Too many questions, I’ll try to answer.
Firstly, NRB has been urging banks to issue debentures. Mandatory policy jastai cha, I forgot the exact numbers. So this is one of the reason why Banks are issuing debentures. Also for a bank, issuing debentures is not to use that money to give loans but more to back the loans by increasing capital. Because banks finance their loan from deposits, they simply have capital to back the loans/assets. For instance real example, I took vehicle loan at 7% and interest on debenture is 8.5%, this business models is not feasible for a bank. It can’t raise capital at 8.5% and give me loans at 7%. Banks issue loans from deposits and not capital. Unlike a manufacturing company, which uses capital raised from debentures/bonds to invest in assets, banks isse them to meet the capital requirement and not necessarily to issue loan from it.
FD rates will always be lower to debentures. Debentures are risky in comparison to FD. Moreover for a bank, debentures are subordinate to deposits. So in case of bankruptcy, depositors get their money first then debenture holders. Also deposits are backed by insurance polices as well, hence low risk. If debentures rate were lower than FD, why would anyone invest in debenture? Also since the NRB has a policy is place that mandates banks to issue debentures, they must be able to sell the debt instruments by increasing %.
Debt reduces tax burden because interest expenses are tax deductible.
Debentures are tier 2 capital of a bank. The more the assets /loans, then more capital the bank requires. There is no direct relationship between CD ratio and debentures. CD depends upon deposits. Now banks issue credit to different sectors like retail, government, mortgage. The risk associated with retail loan is higher than mortgage hence if A bank has more retail loans and B has more mortgage, bank A must have higher capital than bank B because the investments of bank A is risky. So there isn’t a direct relationship between CD and debentures, but indirect cahi cha.
The debenture amount can be seen on liabilities side of the balance sheet. Debt securities issued ma.
The amount paid on debenture by the bank to debentures holders is the coupon rate times FV. Its an expense, on income statement.

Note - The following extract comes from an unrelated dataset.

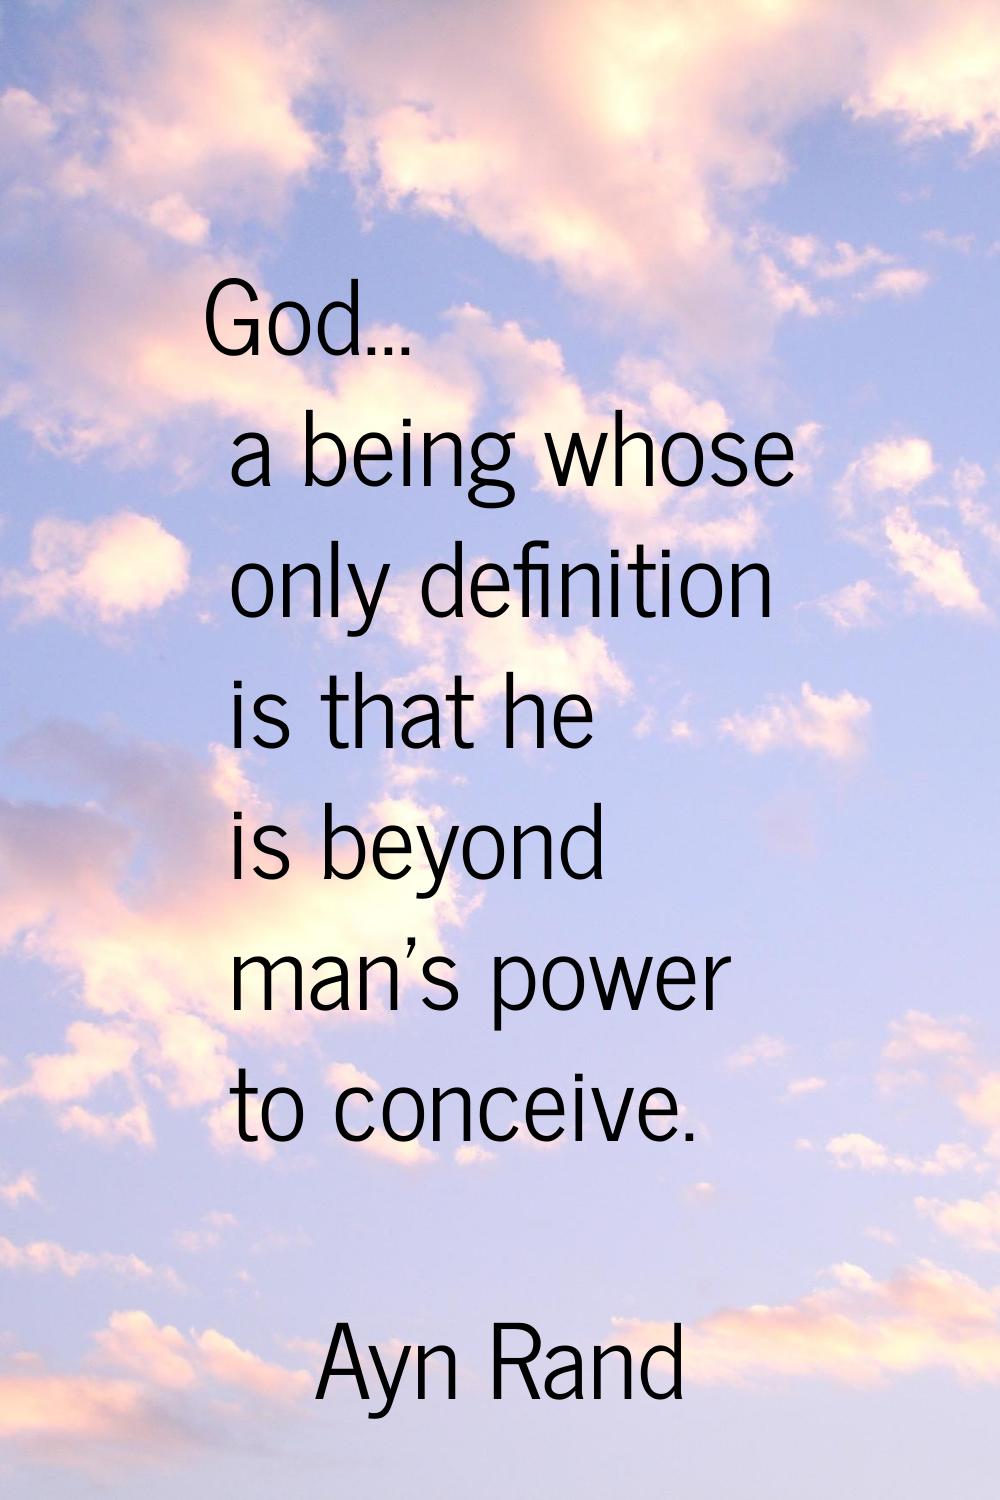 God... a being whose only definition is that he is beyond man's power to conceive.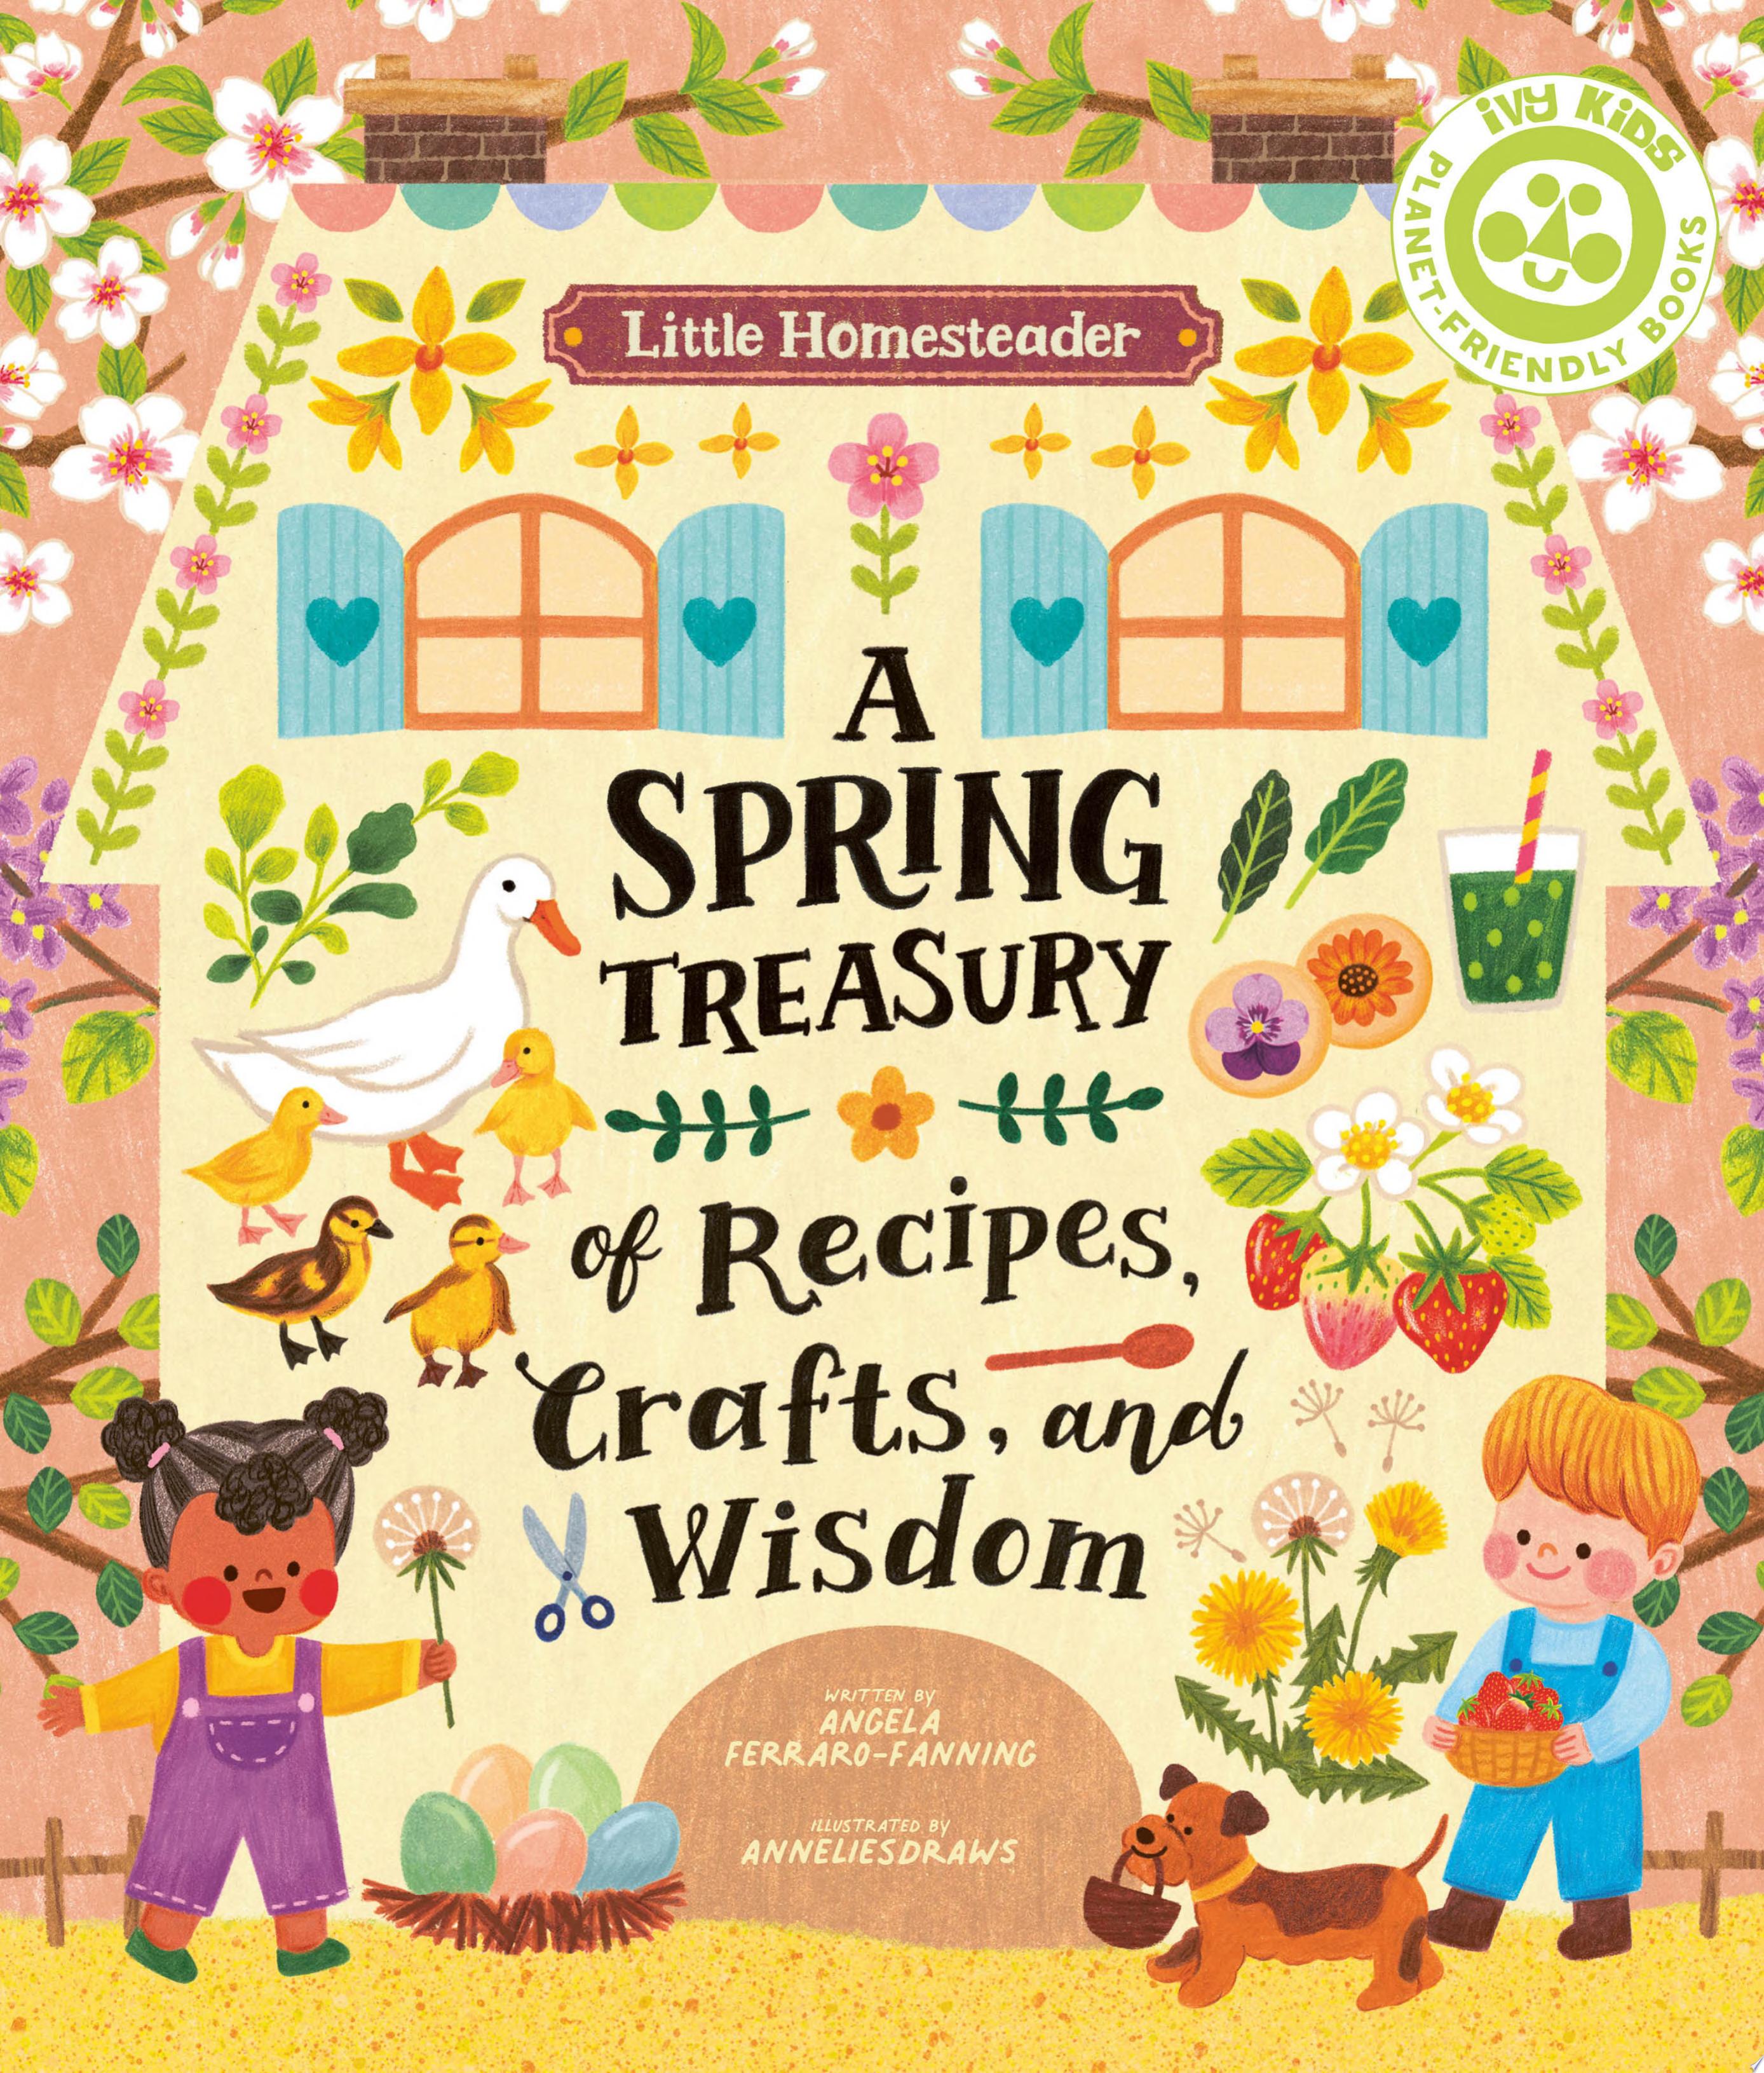 Image for "Little Homesteader: A Spring Treasury of Recipes, Crafts and Wisdom"

I think it’s included in the interest expense section under ‘interest on borrowing’.
As I said debentures are tier 2 capital. And banks needs it, so even if the current issued debentures are expired, banks will rollover and issue new debentures. Think of it this way, the more the bank grows, the more capital it needs and capital can come either by raising equity or debentures. So debentures redemption hudai ma dividend giving capacity increase huncha vanne hoina jaha samma malie lagcha.
The last question is kind of mix. And depends upon situation. Leverage usually increases EPS. If your question is that, will expiration of debenture the company doesn’t have to pay interest to debenture holders and then with low expenses the EPS increases? Then read the above paragraph.
In short, if you are an equity holder, high debt will increase ROE given that the debt is sustainable.
Most of these questions don’t have yes or no answers.
Correct me if I am wrong, it’s been a while since I have read about banking policies of Nepal.